Set down every record below exactly as written, but leave out the pictures.

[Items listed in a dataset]
============================================================

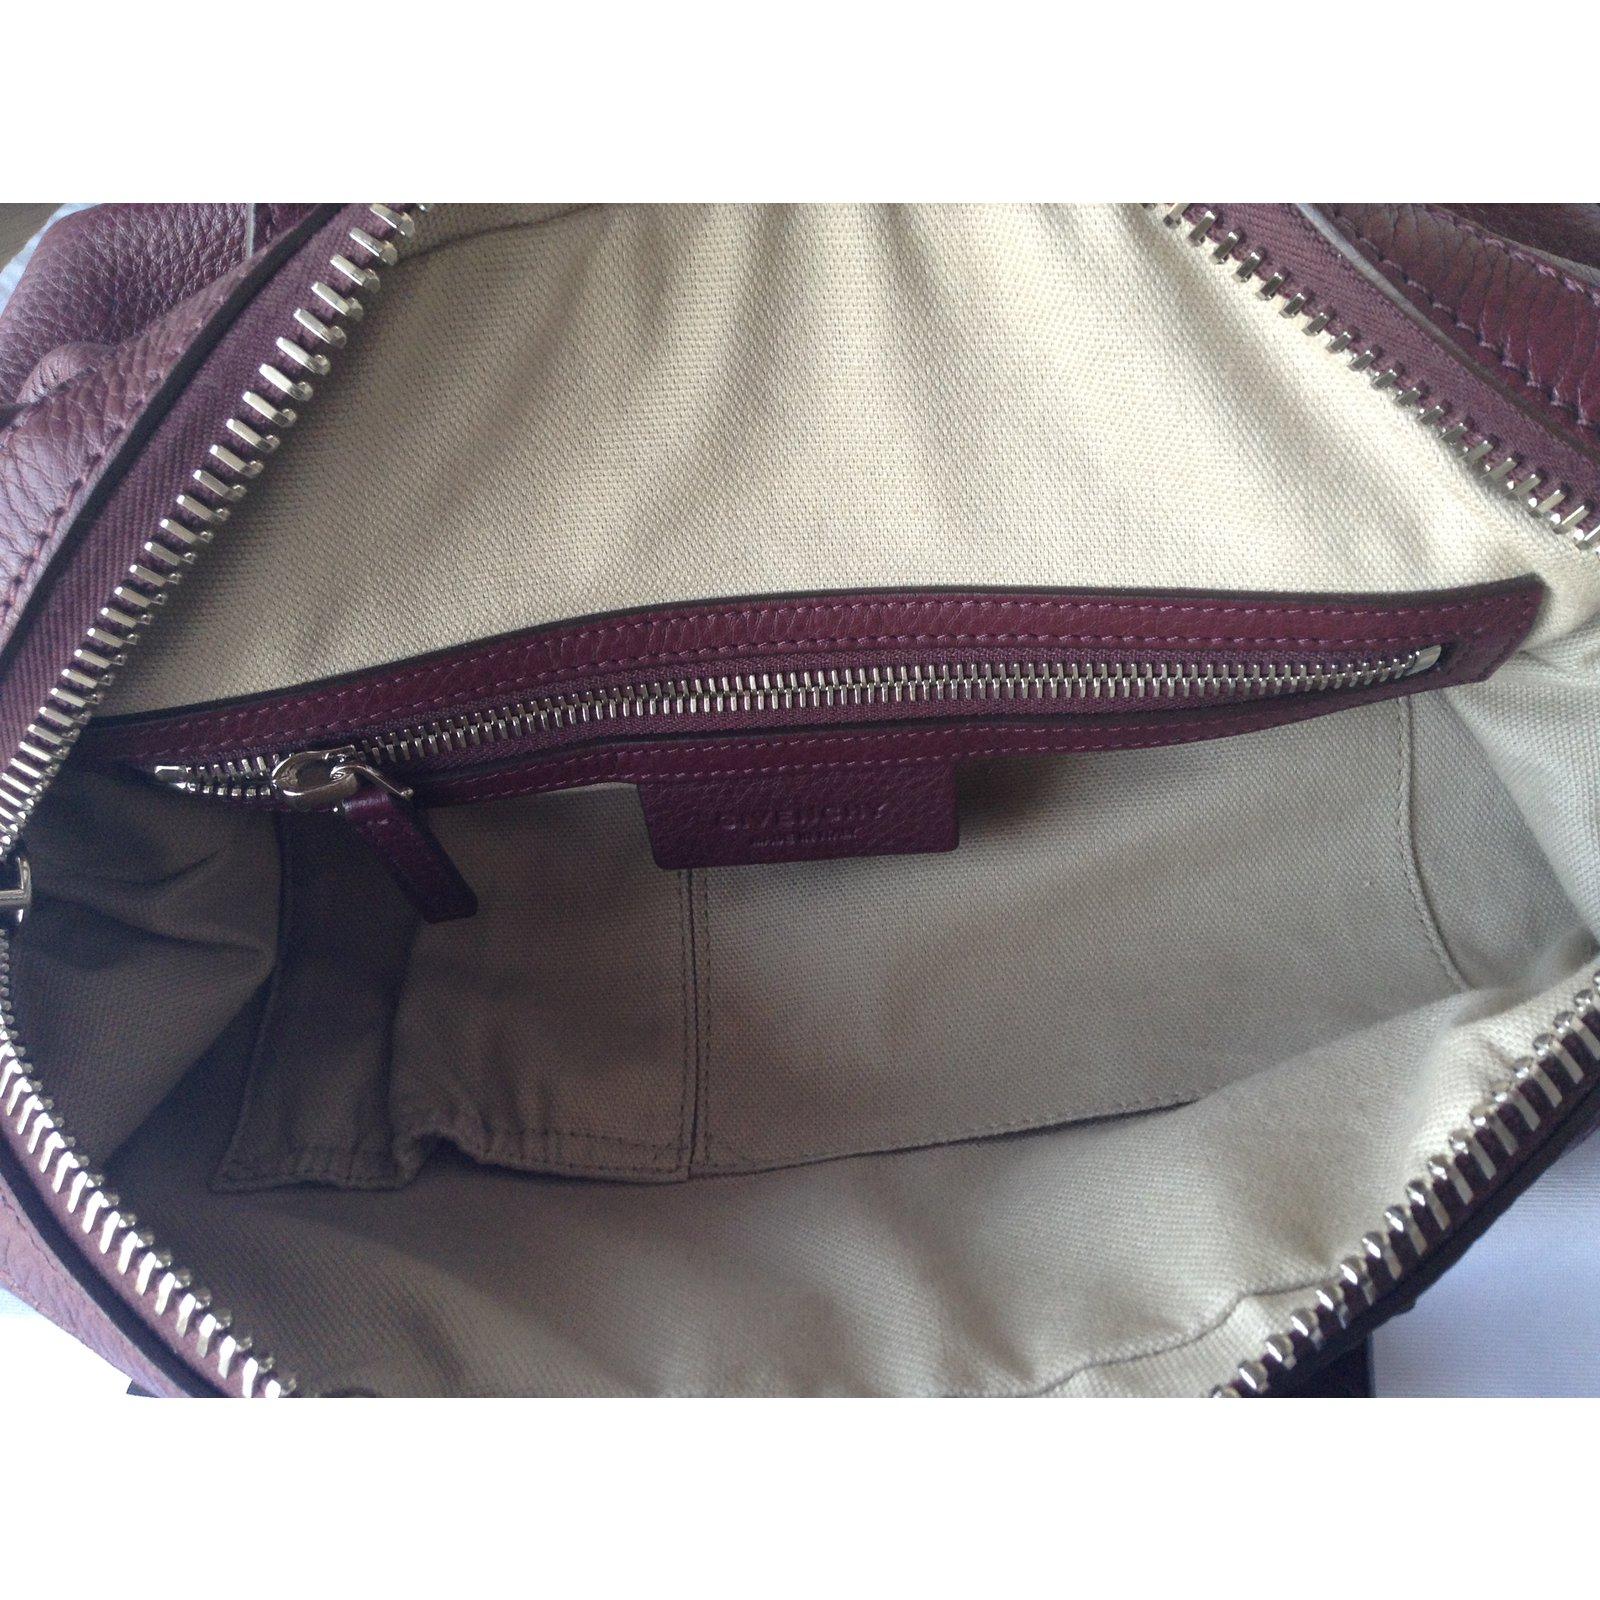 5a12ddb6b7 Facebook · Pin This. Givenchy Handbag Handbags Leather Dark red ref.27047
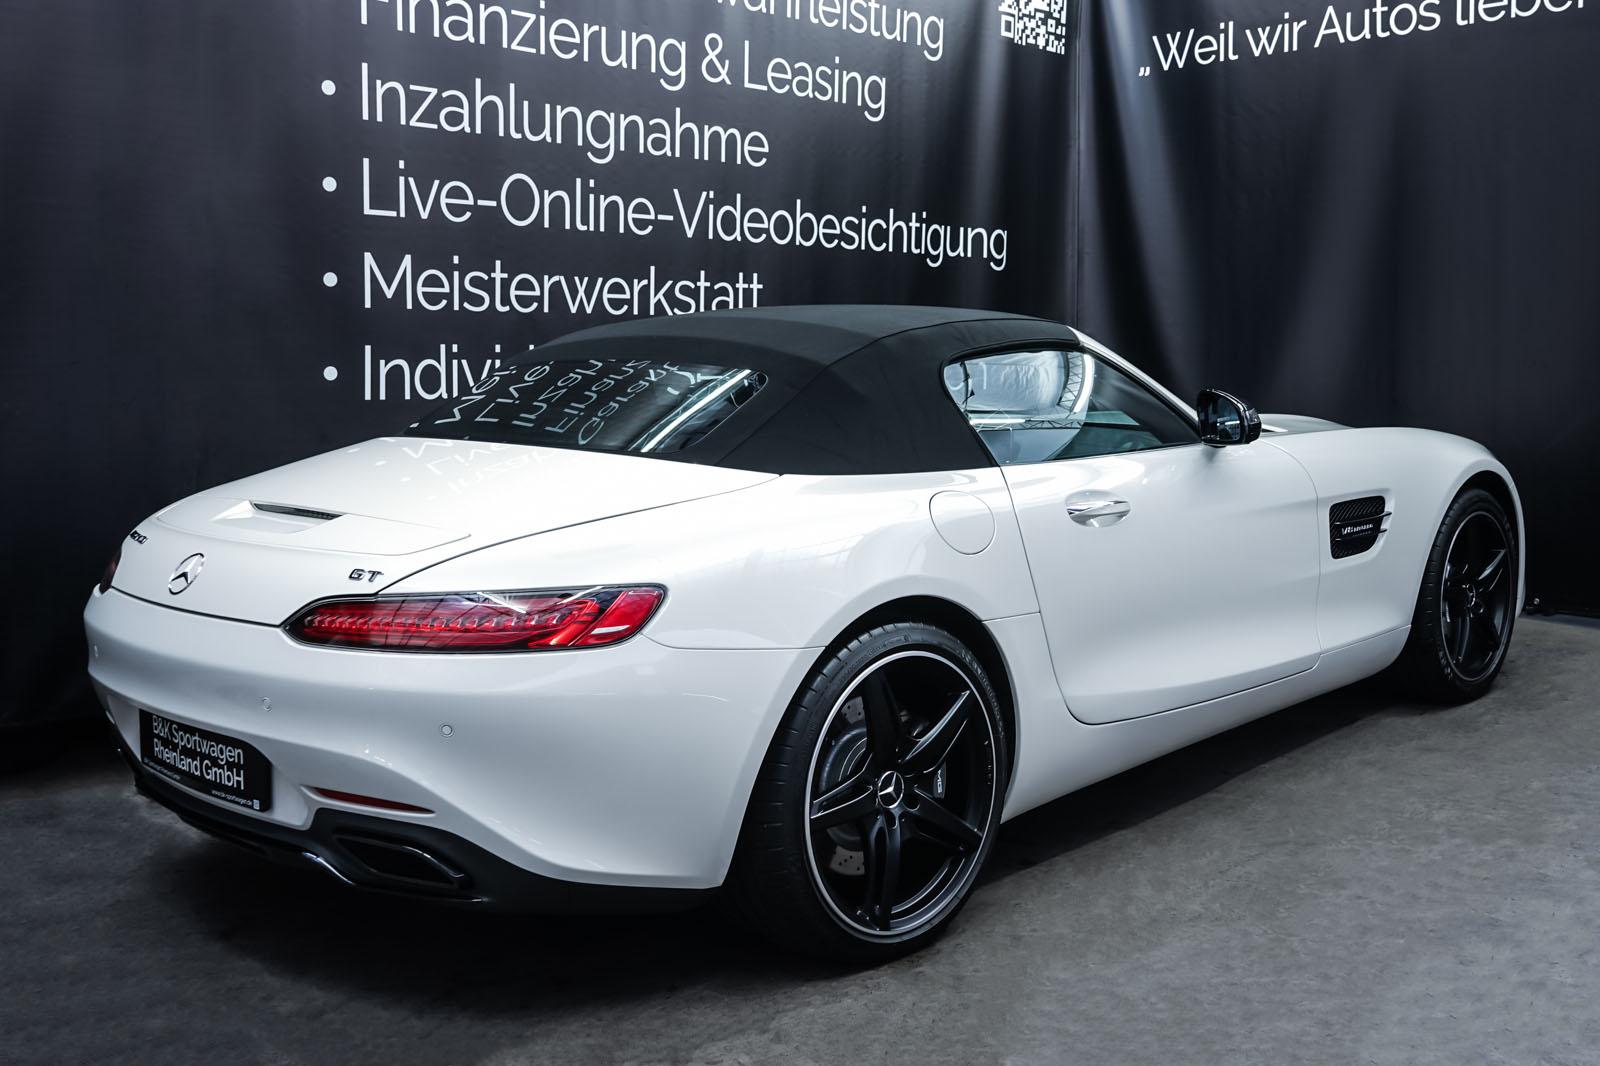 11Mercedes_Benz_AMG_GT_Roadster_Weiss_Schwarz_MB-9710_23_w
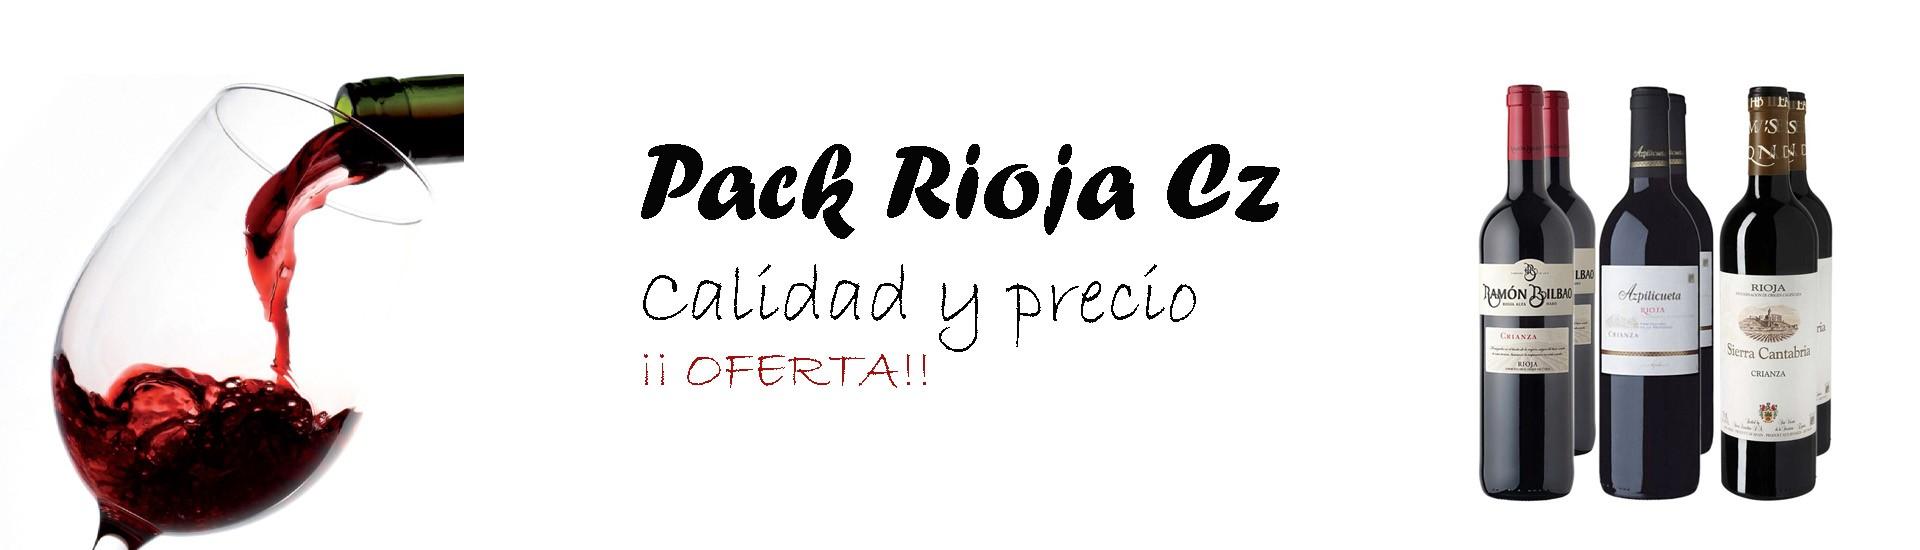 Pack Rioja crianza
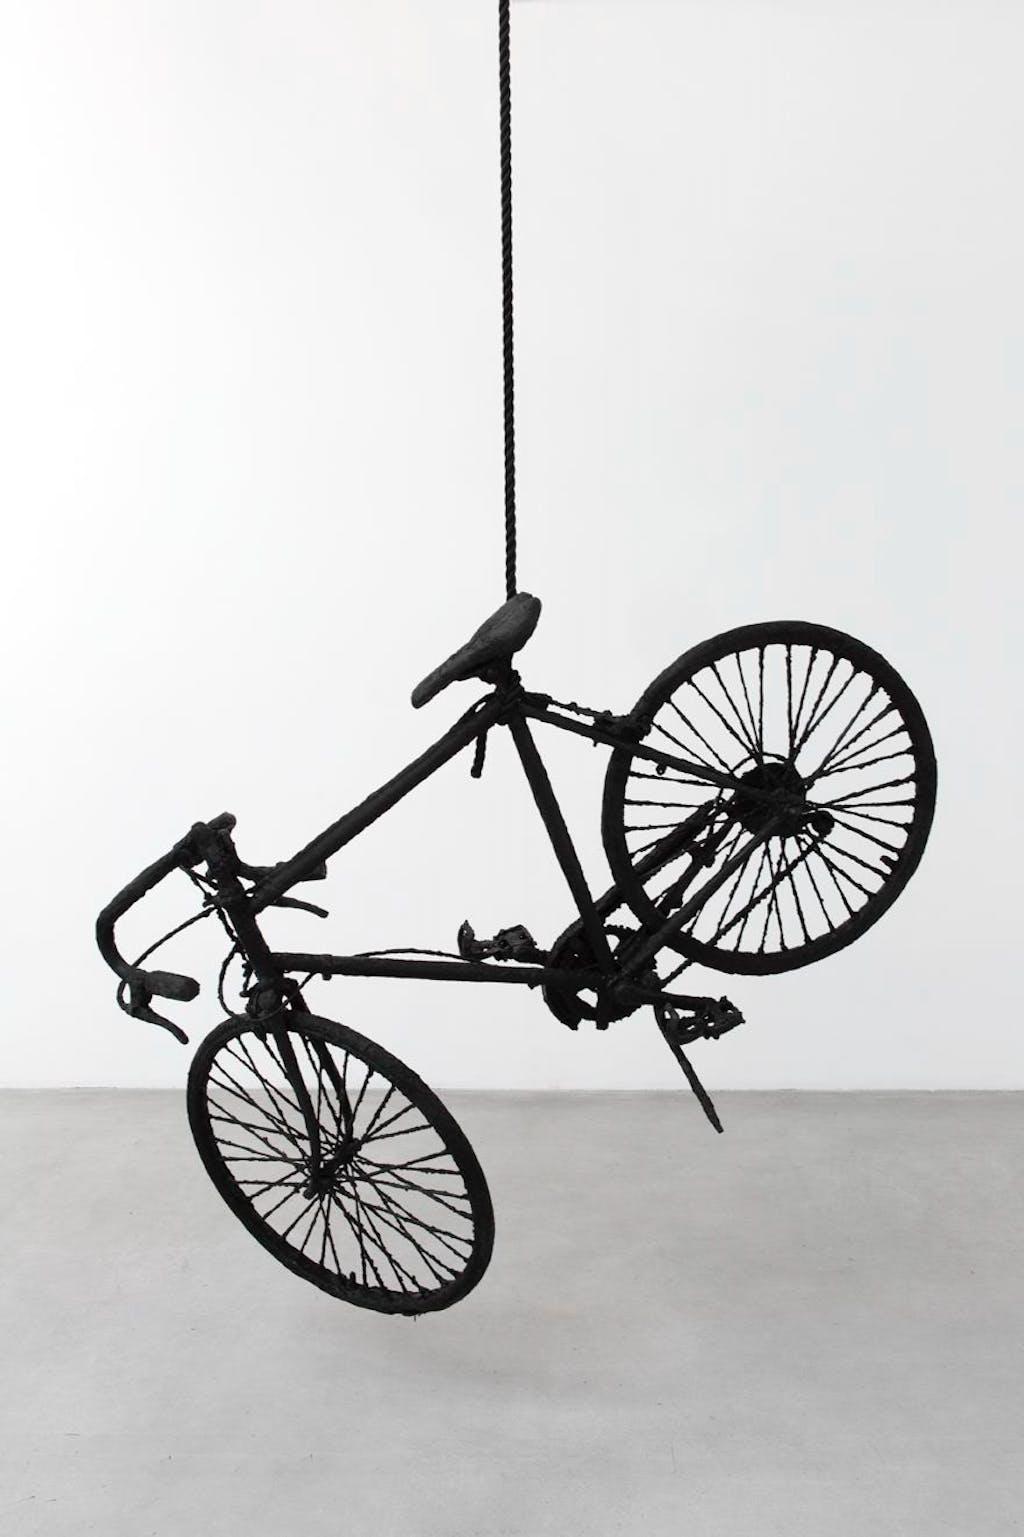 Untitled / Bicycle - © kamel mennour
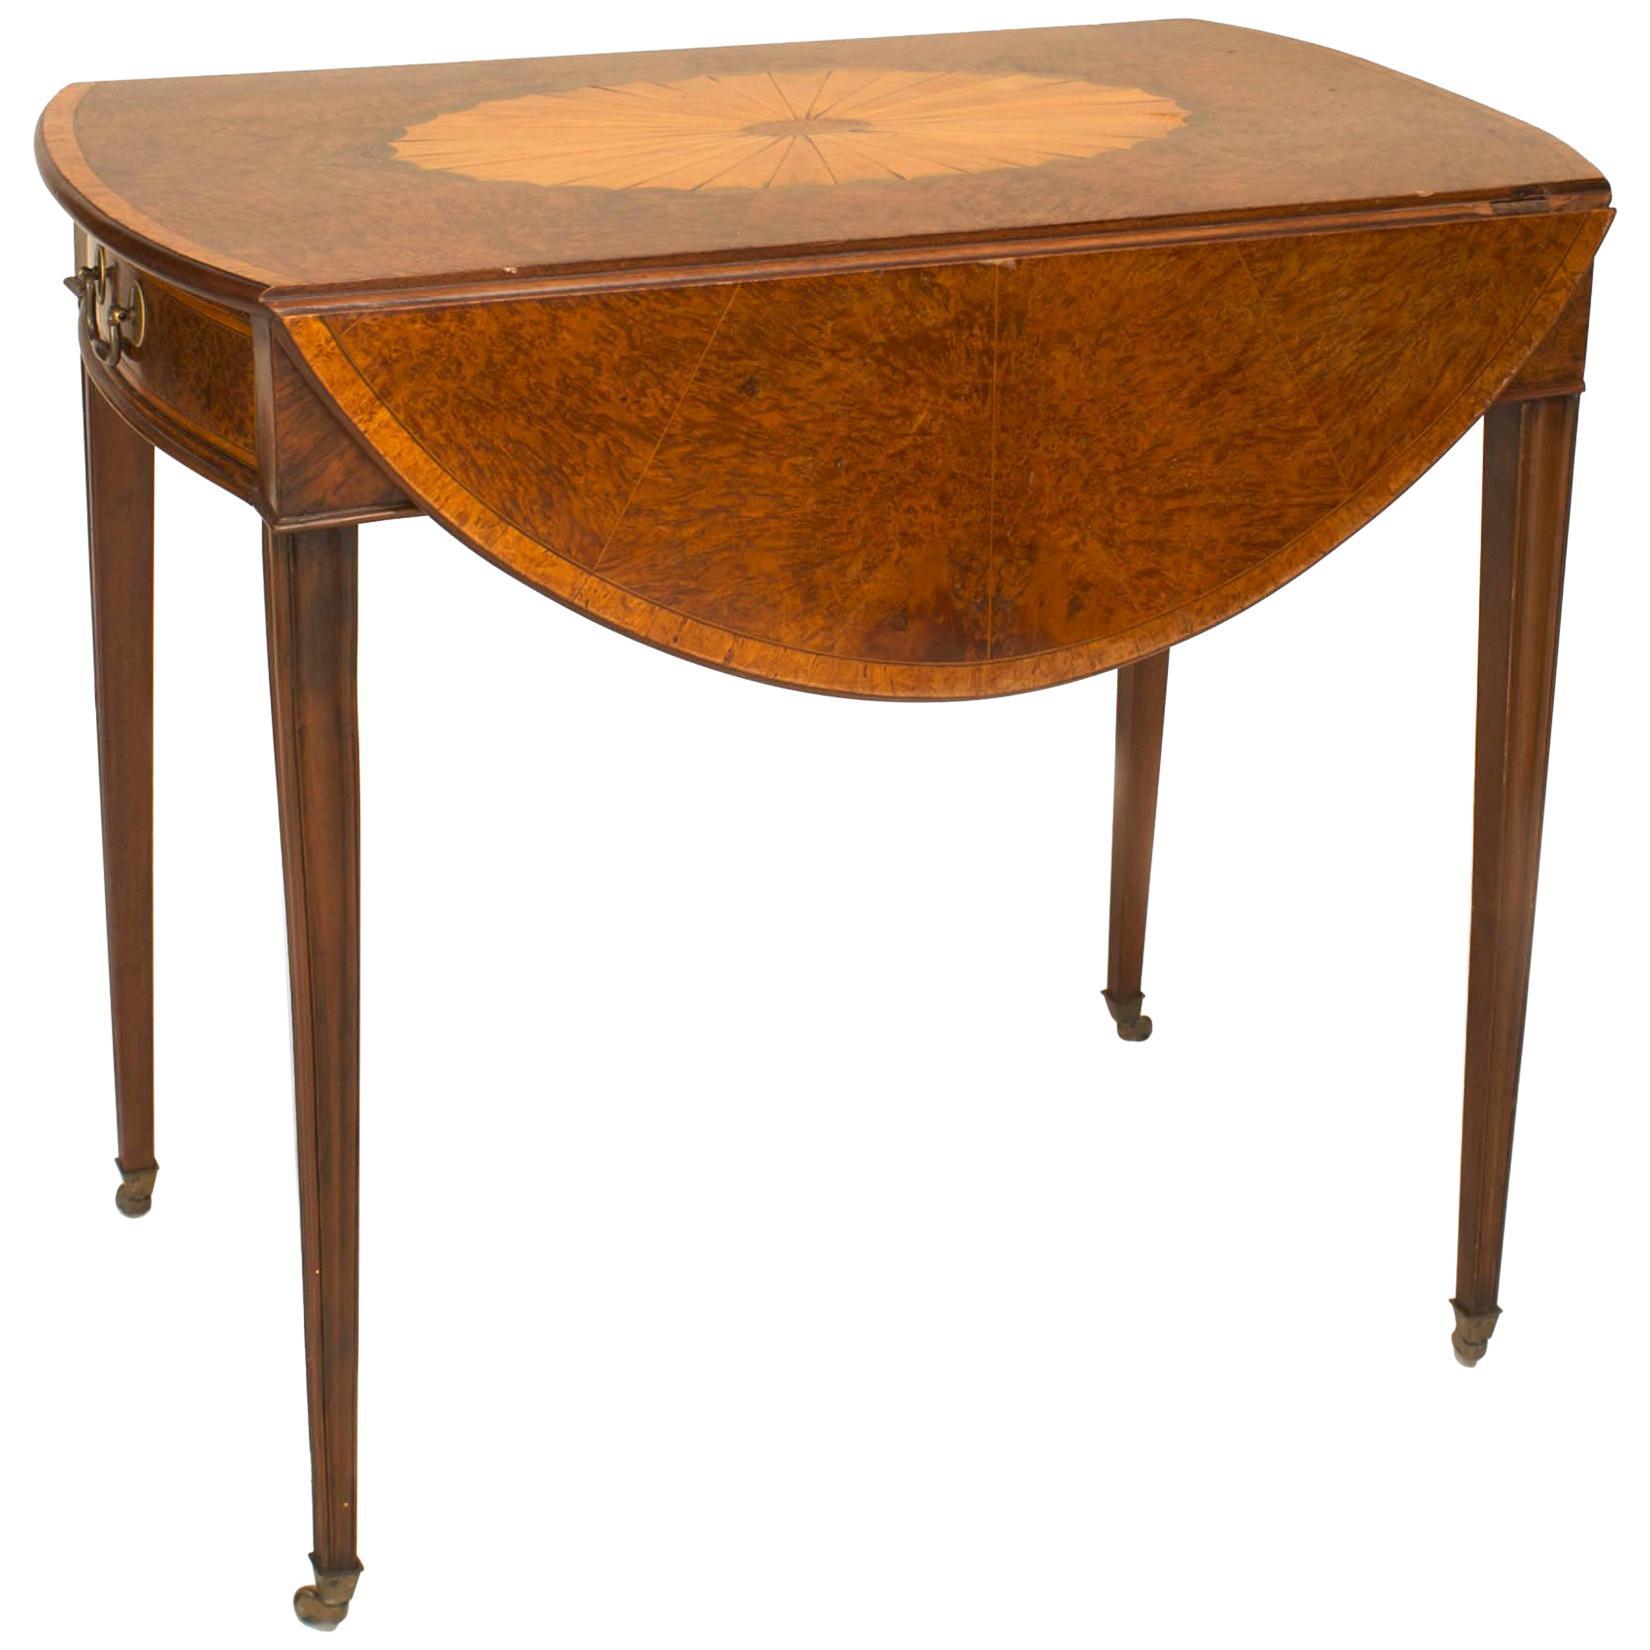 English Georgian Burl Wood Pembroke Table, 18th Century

============================================================

Solved problem.
 5a12ddb6b7 Facebook · Pin This. Givenchy Handbag Handbags Leather Dark red ref.27047
 11Mercedes_Benz_AMG_GT_Roadster_Weiss_Schwarz_MB-9710_23_w
 Pack Rioja crianza
 Untitled / Bicycle - © kamel mennour
 English Georgian Burl Wood Pembroke Table, 18th Century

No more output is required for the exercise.